I probably should direct people to this in this extensions description - and if @danielkza (or me (or even integrate some of its functionality back into this one)) could upload the updated extension to https://extensions.gnome.org/ that would be great (probably could also update the README and other stuff, but it works :) - I could also then count this issue as closed.

ukch commented 9 years ago

I can enable it, but it doesn't seem to work for me, even after I log back in (I'm on Debian Sid). Any way I can debug the extension to see if there's any error messages?

wilfm commented 9 years ago

Works happily on Fedora 21 x64 Gnome 3.14 ... Can't access it at the moment but http://stackoverflow.Com/q/14540012 may help there.

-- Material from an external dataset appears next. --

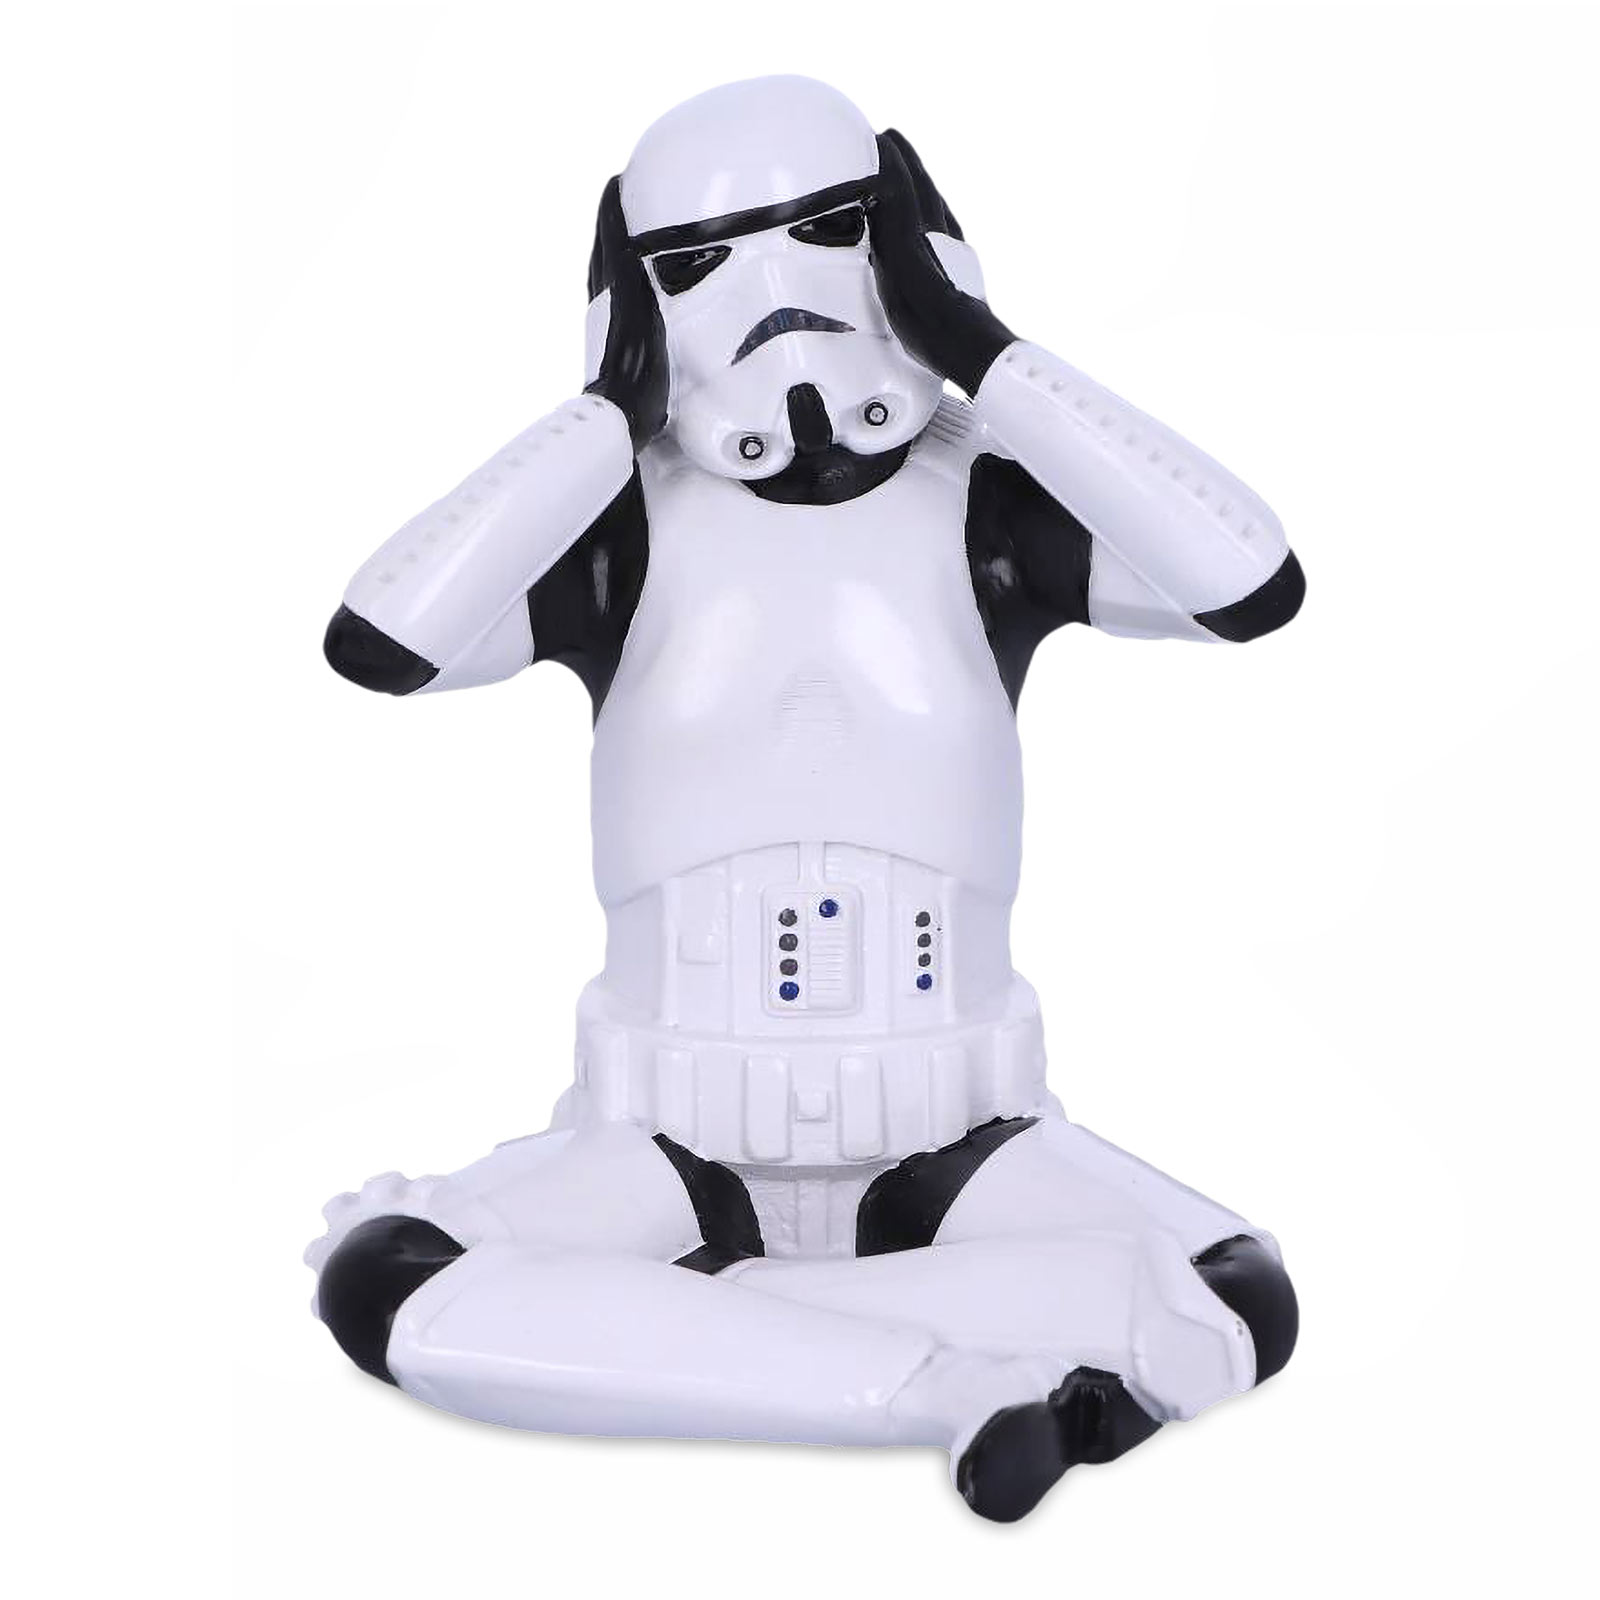 Collectible Stormtrooper Figurine Hear See Speak No Evil Star Wars

danielkza commented 9 years ago

It works for me on Fedora 21 and GNOME 3.14 as @wilfm mentioned. That's where I tested the fixes in. Don't know if there are any others needed, but unless Sid is running a GNOME 3.15 preview it shouldn't be different.

wilfm commented 9 years ago

@ukch If you are running gnome 3.15, you may need to edit the second line in metadata.json to include 3.15 (or whatever your version is) and restart the shell. You can check your version with gnome-shell --version.

ukch commented 9 years ago

Nope. Gnome 3.14.2. It doesn't refuse to switch on or anything, it just silently doesn't do anything.